An innovative polymer coating pioneered by researchers at Lawrence Berkeley National Laboratory has been demonstrated to boost electric car battery life by up to 15 years.

The global uptake of electric vehicles (EVs) will be essential to decarbonising the transport sector and achieving net zero targets. However, a current limitation of the technology is their insufficient driving range and the short lifespan of their batteries. Scientists have potentially developed a revolutionary solution to these issues, designing a polymer coating called HOS-PFM that enhances electric vehicle battery power and lifespan.

Gao Liu, a senior scientist in Berkeley Lab’s Energy Technologies Area, explained: “The advance opens up a new approach to developing EV batteries that are more affordable and easy to manufacture.”

The research, ‘Formation of hierarchically ordered structures in conductive polymers to enhance the performances of lithium-ion batteries,’ may represent a significant milestone in e-mobility.

Electric car battery design must be advanced

The demand for electric cars is growing considerably each year, as major nations in the automotive space, such as the UK and US, have outlawed the sale of new petrol and diesel-power vehicles from 2035.

However, for EVs to be fully embraced by motorists around the world, various aspects of the technology will need to improve, including charging infrastructure, range capabilities, and electric car battery life.

Currently, the average driving range of an electric car is between 150-300 miles on a full charge, and the average life expectancy is around 15 to 20 years. These capabilities fall short of conventional cars and will need to improve in the coming years to drive the transition to electrified transport.

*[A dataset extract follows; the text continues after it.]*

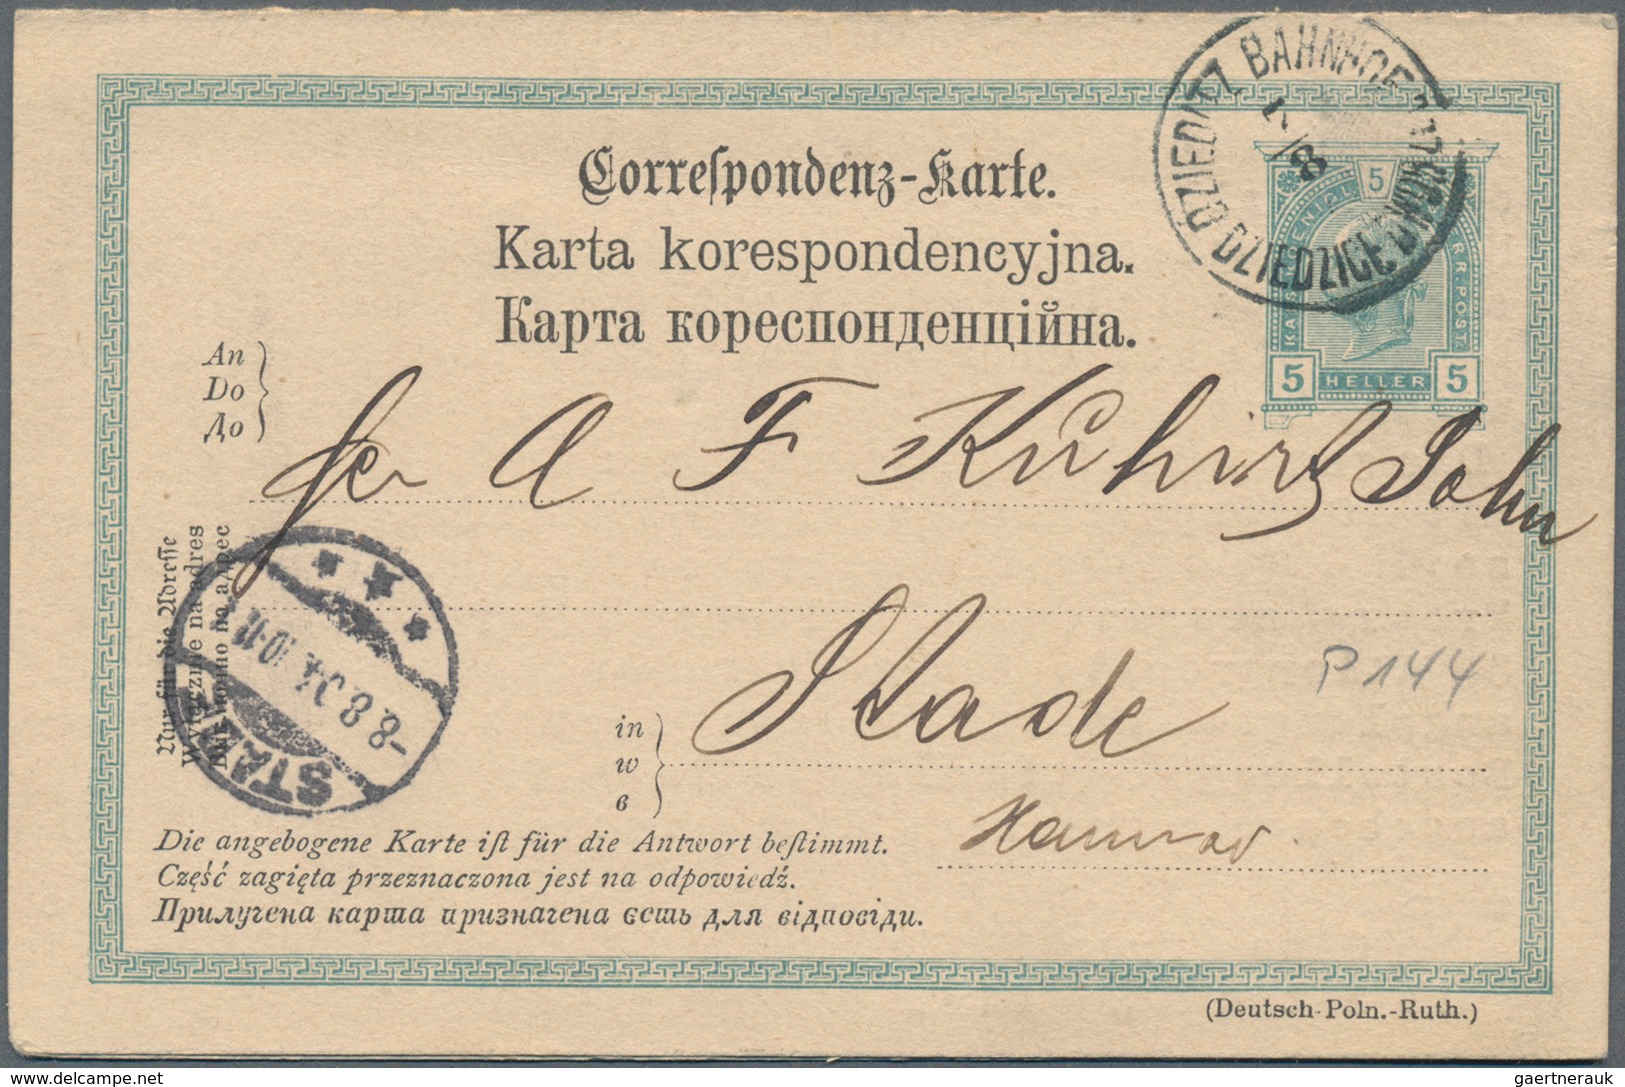 Österreich: Österreich 1860-1950: Kaiserreich, 1. Republik, Ostmark, österreichische Nebengebiete (B - Sammlungen

New polymer coating improve ev performance.
© shutterstock/KillStock

How does the new polymer coating work?

The HOS-PFM polymer coating works by conducting electrons and ions simultaneously, which ensures electric car battery stability and high charge/discharge rates while boosting battery life.

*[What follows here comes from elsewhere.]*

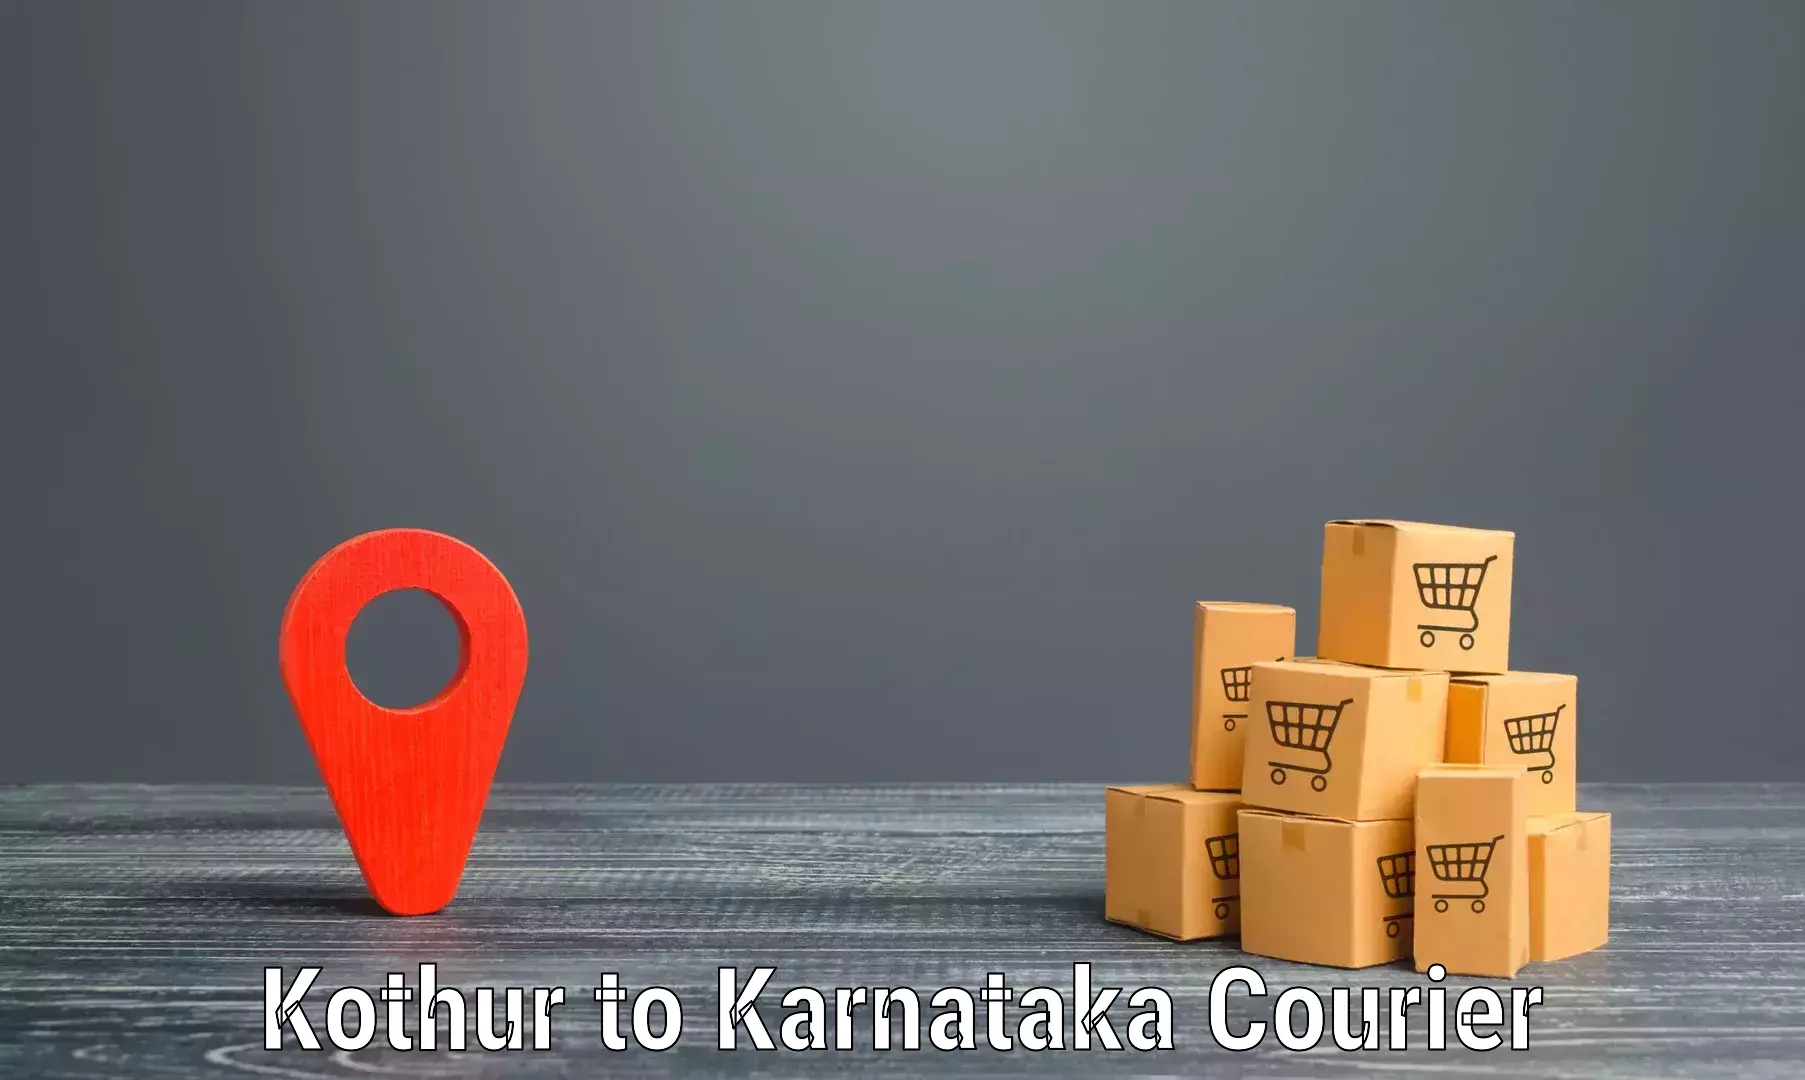 Modern courier technology in Kothur to Chikkaballapur

HOS-PFM has also demonstrated potential as a battery adhesive that could potentially increase lithium-ion battery lifetime for between ten to 15 years.

The team showed HOS-PFM’s exceptional conductive and adhesive properties by coating aluminium and silicon electrodes with the polymer coating – testing their performance on a lithium-ion battery set-up.

Aluminium and silicon are promising lithium-ion battery electrode materials due to their high energy storage capacity, abundance, lightweight and low cost. However, these materials break down after multiple charge/discharge cycles.

The team’s experiment showed that HOS-PFM prevents degradation in silicon- and aluminium-based electrodes during battery cycling. Simultaneously, the coating produced a high battery capacity of over 300 cycles – which is comparable to the performance of current state-of-the-art electrodes.

Liu concluded: “The results are impressive because silicon-based lithium-ion cells typically last for a limited number of charge/discharge cycles and calendar life.

“The HOS-PFM coating could allow the use of electrodes containing as much as 80% silicon. Such high silicon content could increase the energy density of lithium-ion batteries by at least 30%.

“Because silicon is cheaper than graphite, the standard material for electrodes today, cheaper batteries could significantly increase the availability of entry-level electric vehicles.”